Copy out every line of the data exactly; do not include the images.

## DATA
———

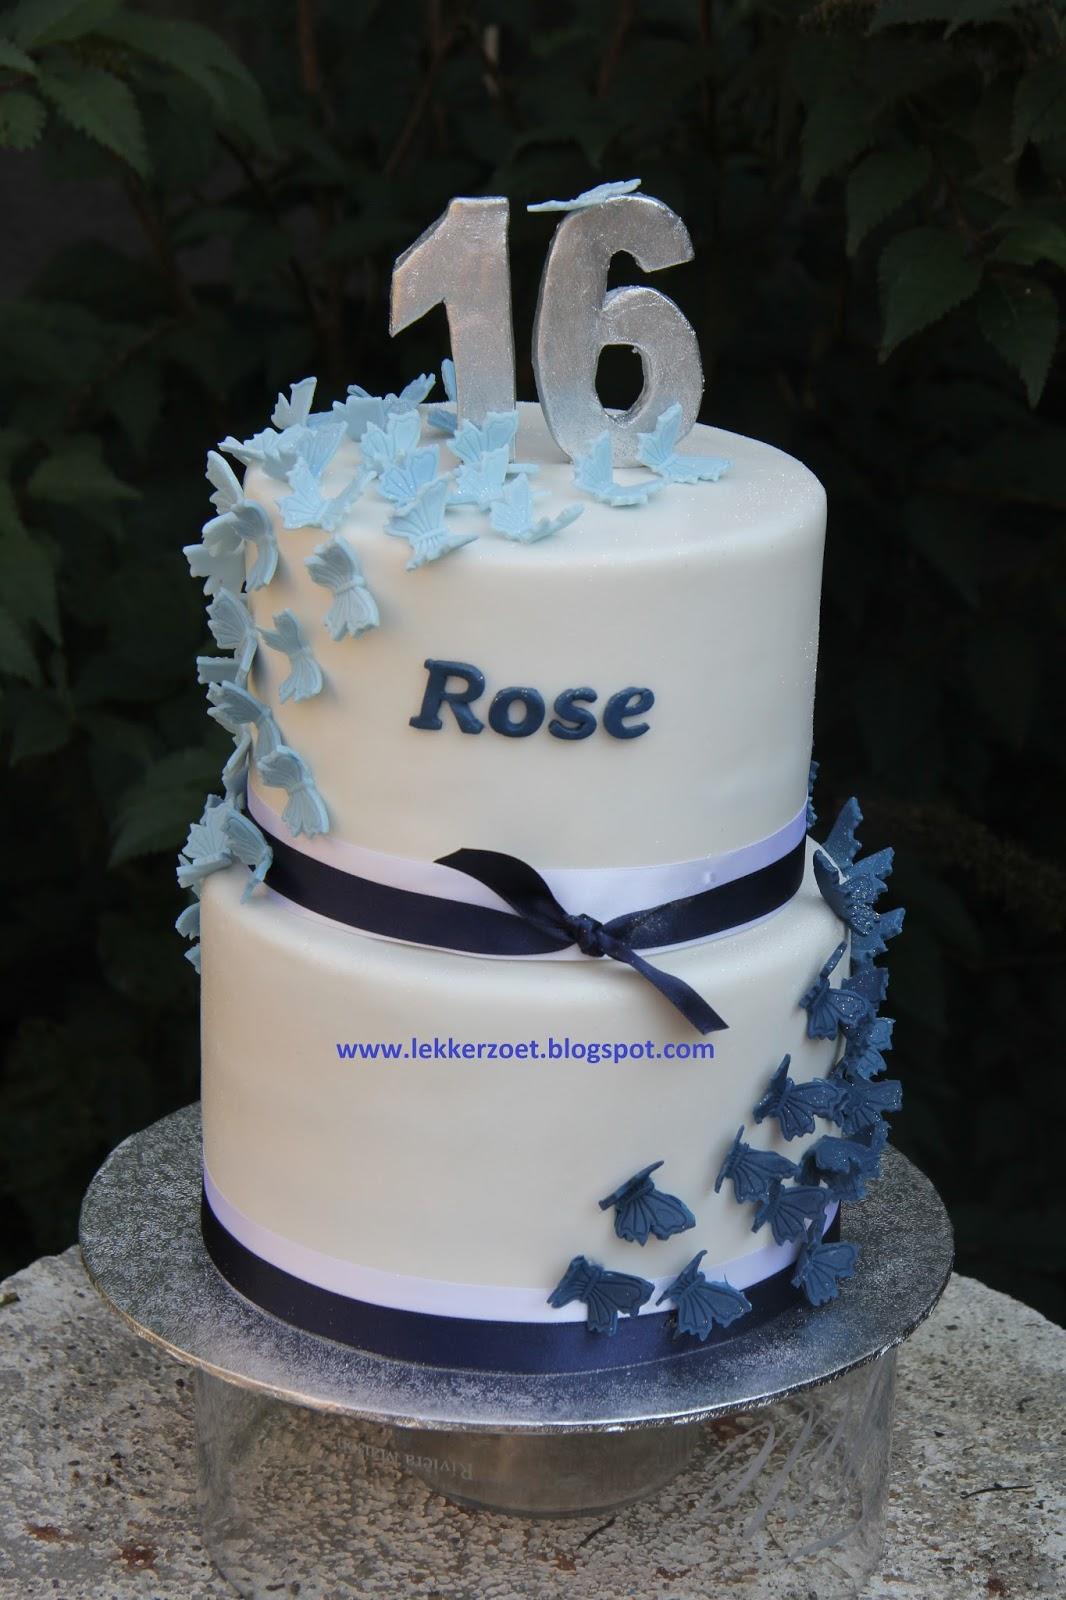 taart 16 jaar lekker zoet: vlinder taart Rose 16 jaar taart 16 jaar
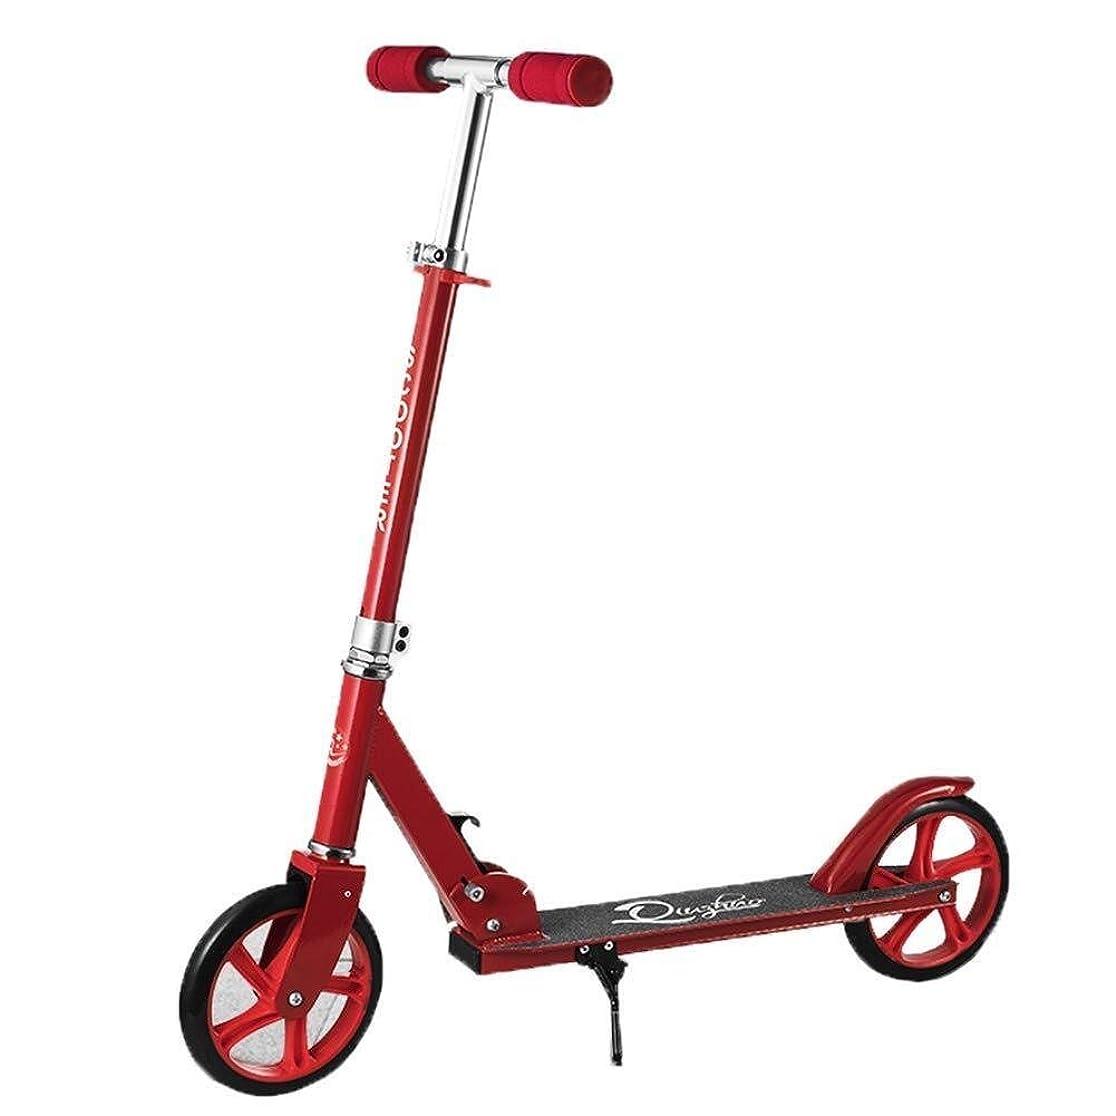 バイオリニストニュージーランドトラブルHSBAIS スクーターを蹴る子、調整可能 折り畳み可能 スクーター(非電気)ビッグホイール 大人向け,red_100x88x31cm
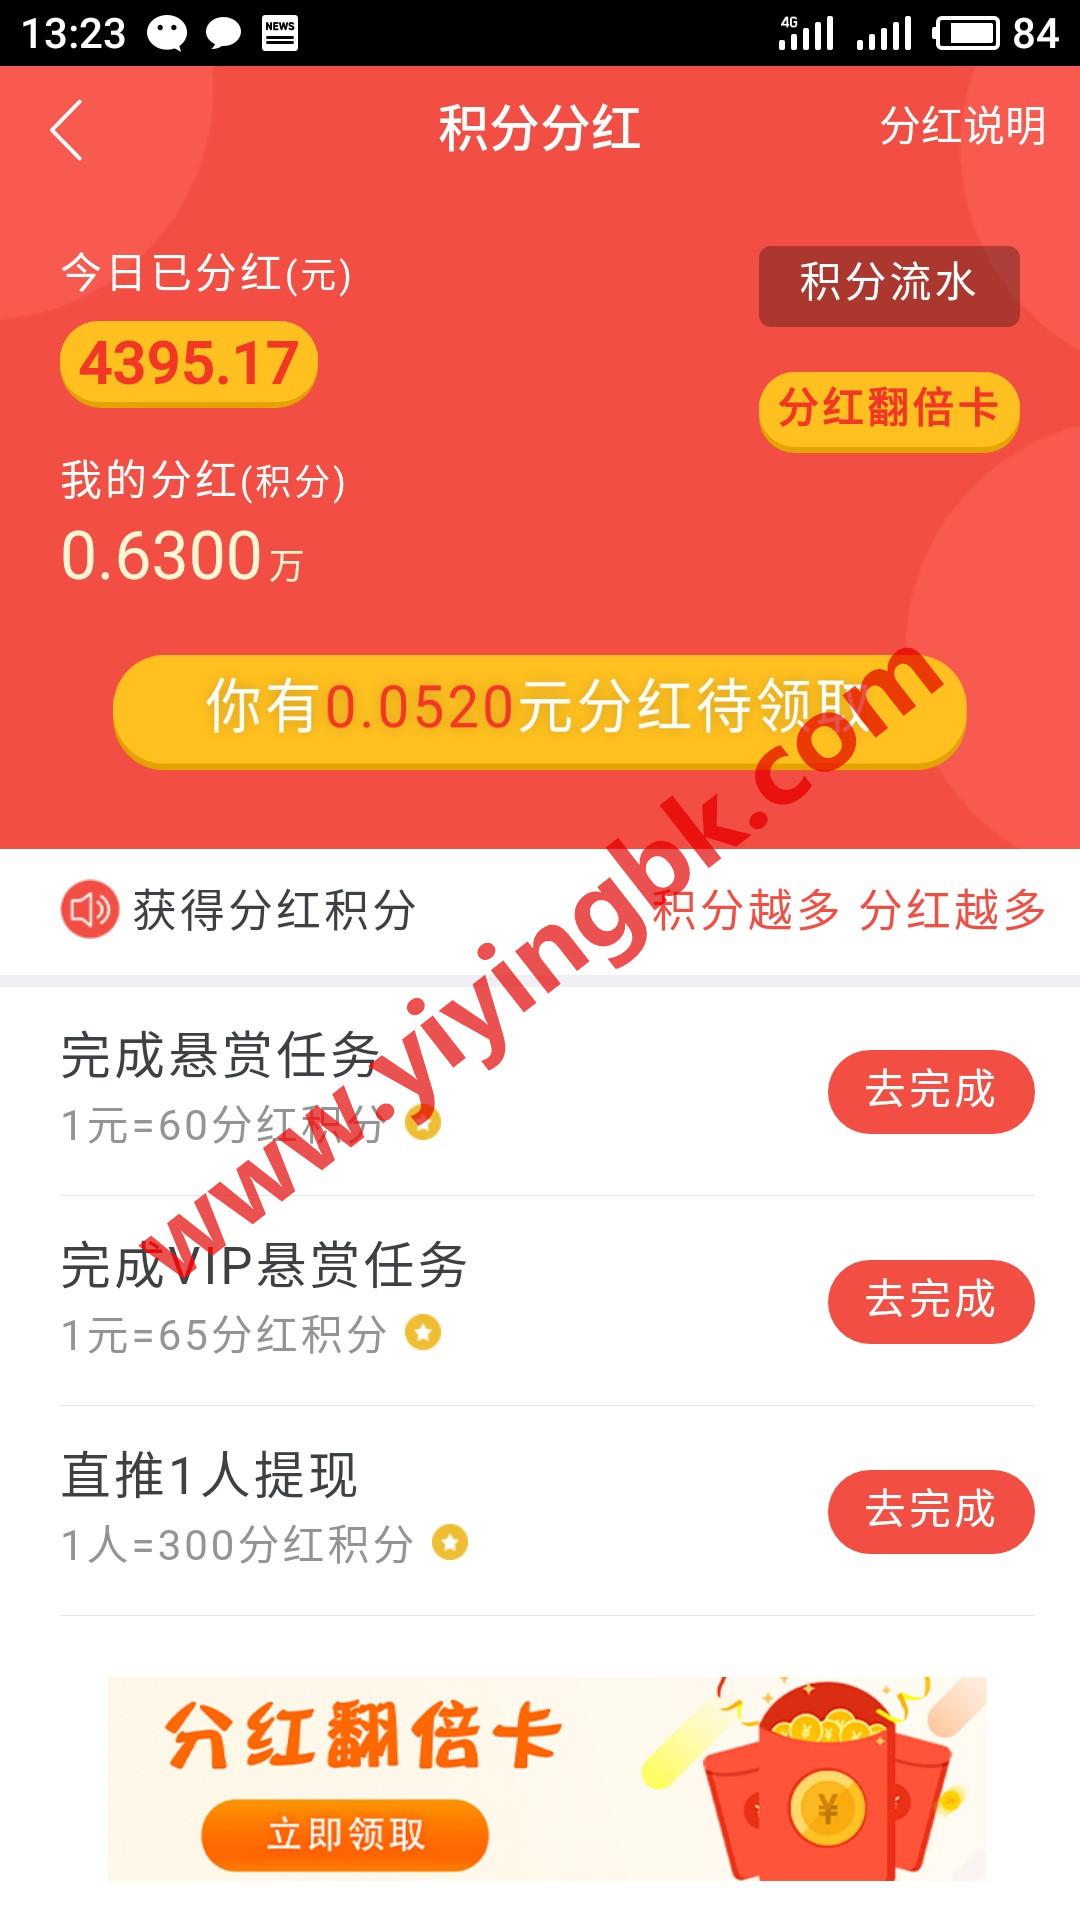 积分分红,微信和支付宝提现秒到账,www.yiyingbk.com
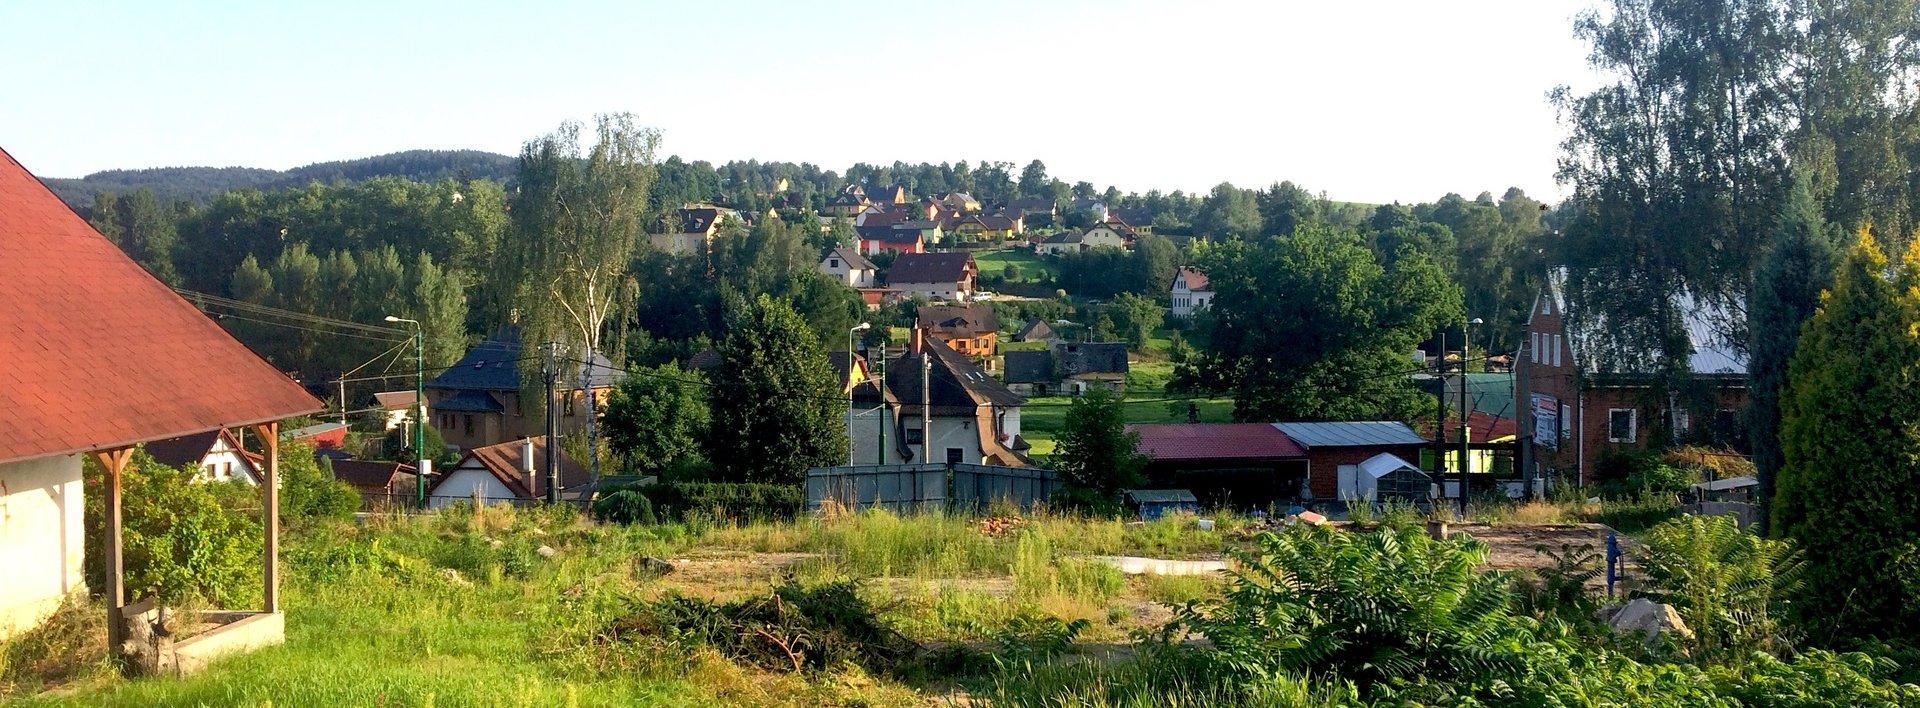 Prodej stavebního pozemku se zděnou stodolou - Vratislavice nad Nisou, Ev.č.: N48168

———

## RESPONSE
 taart 16 jaar lekker zoet: vlinder taart Rose 16 jaar taart 16 jaar
 バイオリニストニュージーランドトラブルHSBAIS スクーターを蹴る子、調整可能 折り畳み可能 スクーター(非電気)ビッグホイール 大人向け,red_100x88x31cm
 积分分红,微信和支付宝提现秒到账,www.yiyingbk.com
 Prodej stavebního pozemku se zděnou stodolou - Vratislavice nad Nisou, Ev.č.: N48168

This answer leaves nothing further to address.